Yiorgos Anagnostou is an Assistant Professor in the Modern Greek Program, Department of Greek and Latin, Ohio State University. He is interested in cultural translation and the interdisciplinary study of ethnicity and immigration in the United States from a cultural studies perspective. His many publications include "Private Heirlooms, Public Memories: Tradition and Greek America as Translation" (Gramma: A Journal of Theory and Criticism, 2004) and "Model Americans, Quintessential Greeks: Ethnic Success and Assimilation in Diaspora" (Diaspora: A Journal of Transnational Studies, 2003). His current book project develops a politics of metaethnography that interrogates dominant academic representations of "white ethnicity."
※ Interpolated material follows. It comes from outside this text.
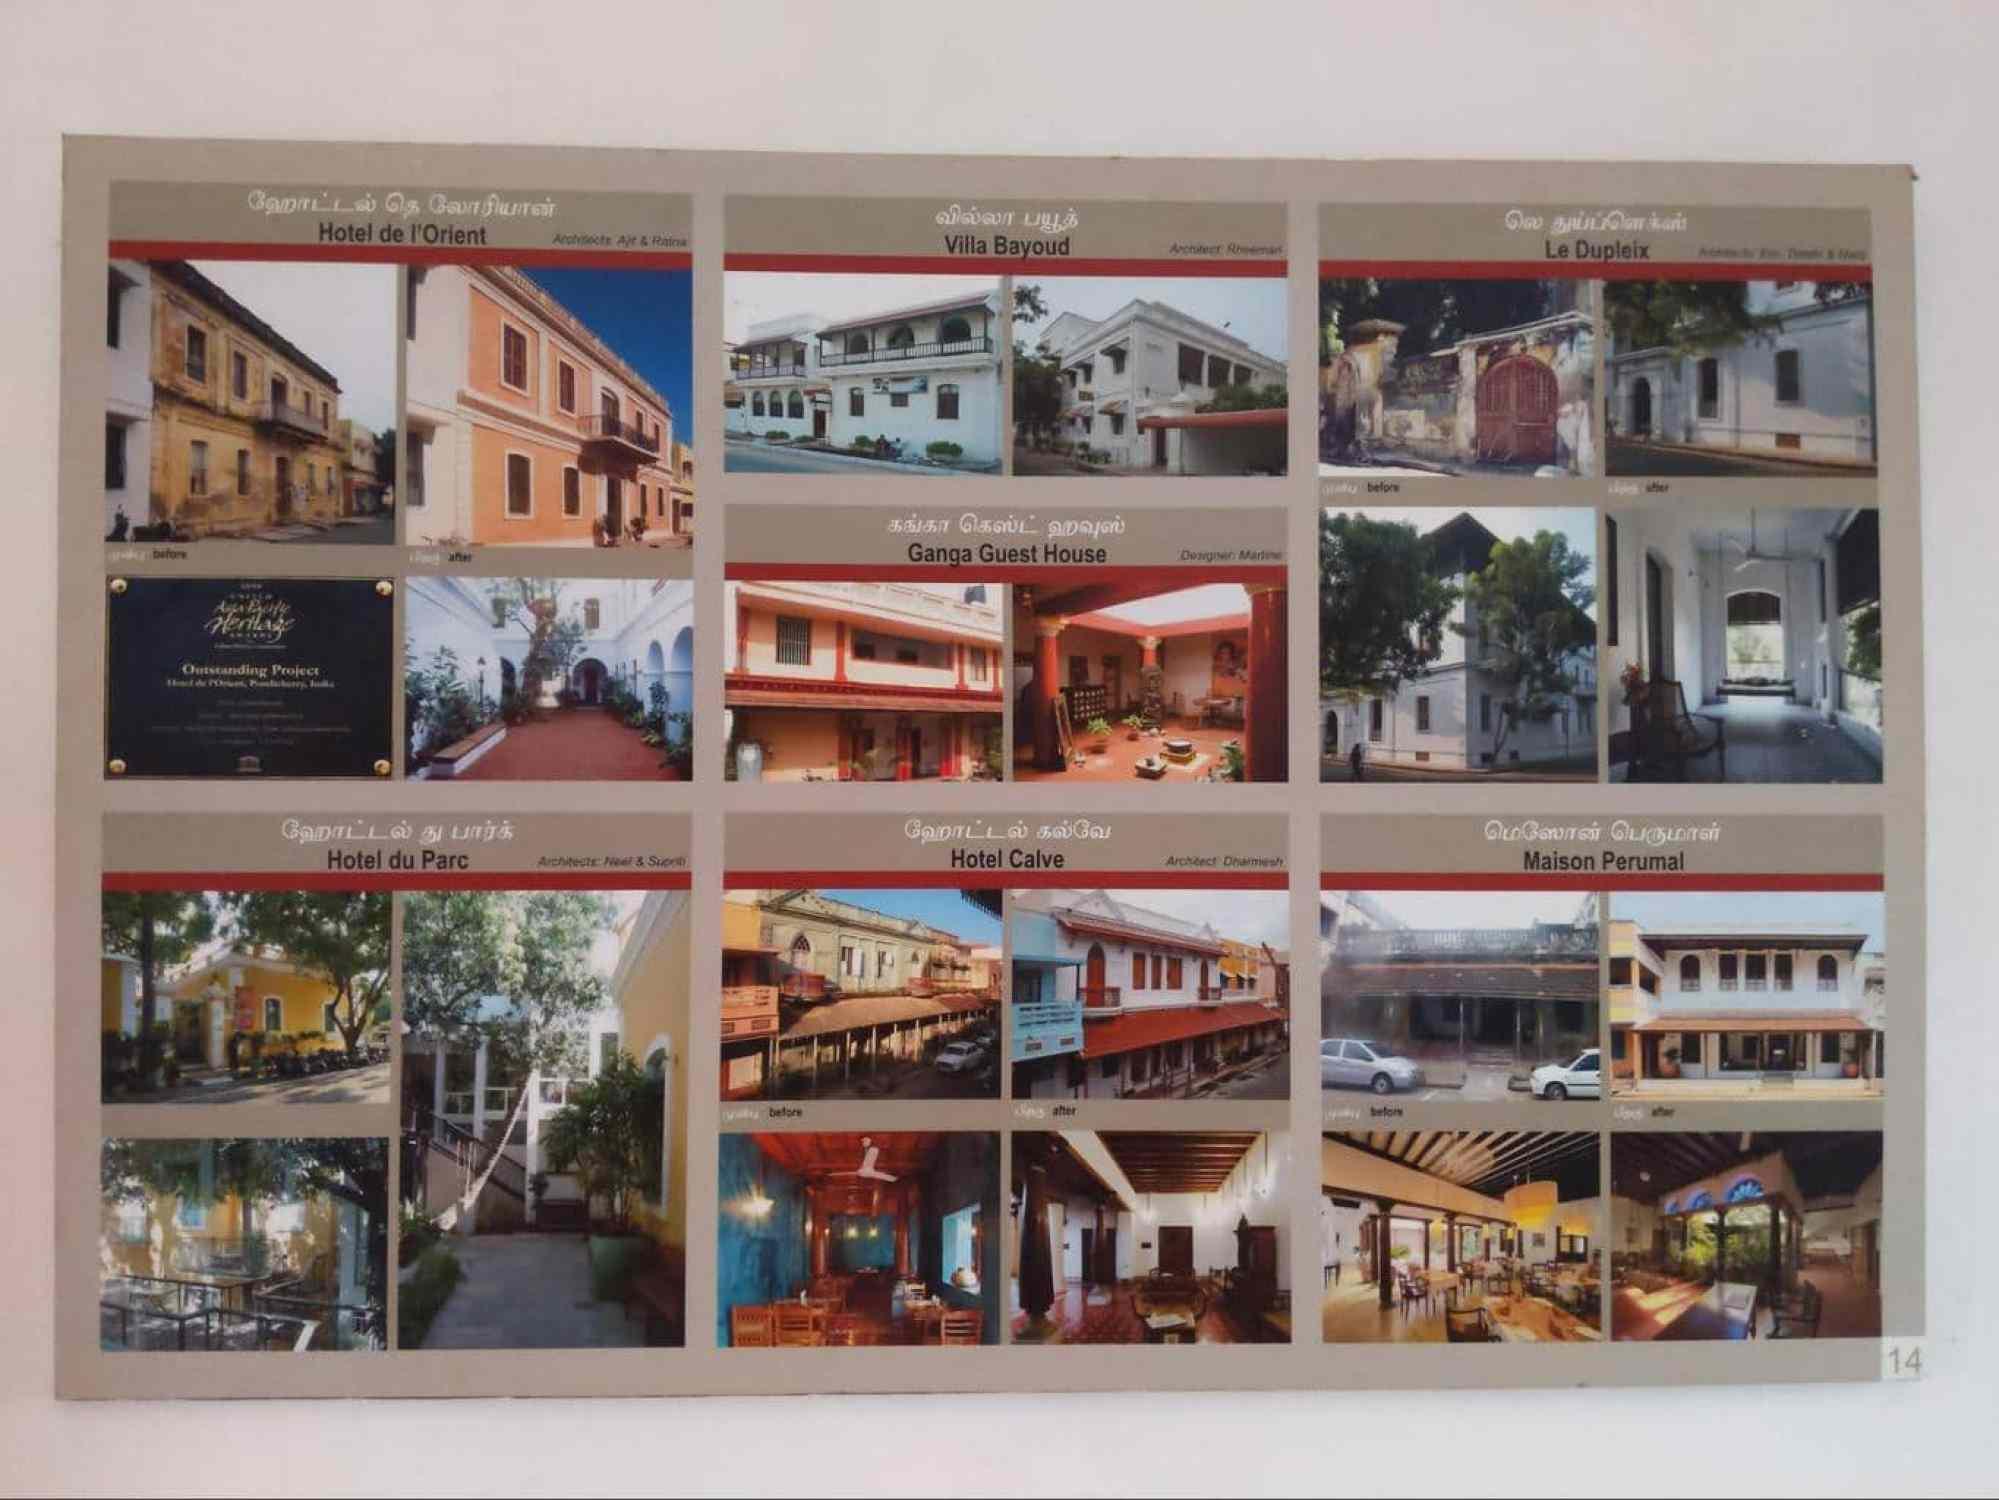 Documenting Pondicherry's heritage at INTACH

Danille Christensen Lindquist is a doctoral candidate in the Department of Folklore and Ethnomusicology, Indiana University, Bloomington. Her dissertation, which she is completing with the aid of a dissertation-year fellowship, traces the contours of contemporary scrapbooking, a vernacular artistic form, social practice, and entrepreneurial venture dominated by women. The work explores how scrapbook practitioners manage and refigure a range of social valuations, especially those concerning kinwork and other forms of gendered labor. Interested broadly in the ways cultural forms are allied with and informed by ideology, she has also studied intersections between Latter-day Saint theology and language use and written about slack key guitar (kī hō'alu) and identity discourse in Hawai'i.

Duncan Vinson received a PhD in ethnomusicology from Brown University in 2004. He now holds adjunct positions at Suffolk University in Boston and at Curry College in Milton, Massachusetts. During the fall semester of 2005, he was acting director of the Suffolk University Vocal Ensemble. Vinson is an Americanist with an interest in group singing traditions and the role of religion in the musical life of the United States. His dissertation was based on two years of fieldwork with amateur choral singers in New England, and he has also participated in Sacred Harp singing events for a number of years.